WHAT TO PRODUCE: In the entries below, find the line with "A group of friends laughing | Source: Pexels" and the line with "Illuminate your space". Reproduce those two lines and every line between them exactly, and nothing more.

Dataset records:
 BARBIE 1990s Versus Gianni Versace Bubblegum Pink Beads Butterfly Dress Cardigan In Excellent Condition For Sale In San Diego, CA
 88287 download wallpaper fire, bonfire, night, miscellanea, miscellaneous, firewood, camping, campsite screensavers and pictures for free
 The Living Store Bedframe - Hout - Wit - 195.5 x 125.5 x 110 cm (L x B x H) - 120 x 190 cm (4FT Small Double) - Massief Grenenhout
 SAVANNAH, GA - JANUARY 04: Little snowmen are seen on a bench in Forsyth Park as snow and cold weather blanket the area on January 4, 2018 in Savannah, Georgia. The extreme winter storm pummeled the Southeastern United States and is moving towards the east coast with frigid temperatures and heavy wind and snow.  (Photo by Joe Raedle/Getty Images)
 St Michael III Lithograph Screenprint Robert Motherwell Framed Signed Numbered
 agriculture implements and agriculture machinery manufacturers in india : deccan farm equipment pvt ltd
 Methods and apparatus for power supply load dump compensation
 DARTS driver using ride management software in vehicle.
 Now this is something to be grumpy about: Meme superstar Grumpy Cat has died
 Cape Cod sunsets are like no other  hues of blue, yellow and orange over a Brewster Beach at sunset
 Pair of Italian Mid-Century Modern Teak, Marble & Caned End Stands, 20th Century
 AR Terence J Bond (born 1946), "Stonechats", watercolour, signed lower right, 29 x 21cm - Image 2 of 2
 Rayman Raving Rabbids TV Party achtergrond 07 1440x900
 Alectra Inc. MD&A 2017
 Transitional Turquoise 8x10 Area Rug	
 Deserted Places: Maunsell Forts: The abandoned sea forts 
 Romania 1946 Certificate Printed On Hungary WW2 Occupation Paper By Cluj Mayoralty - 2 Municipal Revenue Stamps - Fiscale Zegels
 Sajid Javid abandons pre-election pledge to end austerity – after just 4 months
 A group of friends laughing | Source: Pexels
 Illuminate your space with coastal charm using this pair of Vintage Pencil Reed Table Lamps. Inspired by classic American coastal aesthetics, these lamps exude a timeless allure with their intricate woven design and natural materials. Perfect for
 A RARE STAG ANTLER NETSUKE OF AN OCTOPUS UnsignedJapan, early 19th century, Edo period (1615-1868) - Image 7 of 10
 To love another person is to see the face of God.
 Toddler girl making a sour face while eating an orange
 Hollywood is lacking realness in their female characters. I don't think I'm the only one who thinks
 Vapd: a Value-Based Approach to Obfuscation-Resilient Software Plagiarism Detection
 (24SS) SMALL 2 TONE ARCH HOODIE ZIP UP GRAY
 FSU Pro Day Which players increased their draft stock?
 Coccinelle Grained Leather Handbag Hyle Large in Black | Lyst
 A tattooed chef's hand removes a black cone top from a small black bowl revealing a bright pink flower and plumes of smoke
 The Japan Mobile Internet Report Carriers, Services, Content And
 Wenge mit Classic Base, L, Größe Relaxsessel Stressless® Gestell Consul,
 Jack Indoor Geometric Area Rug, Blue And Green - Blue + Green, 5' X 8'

RESULT BELOW:
 A group of friends laughing | Source: Pexels
 Illuminate your space with coastal charm using this pair of Vintage Pencil Reed Table Lamps. Inspired by classic American coastal aesthetics, these lamps exude a timeless allure with their intricate woven design and natural materials. Perfect for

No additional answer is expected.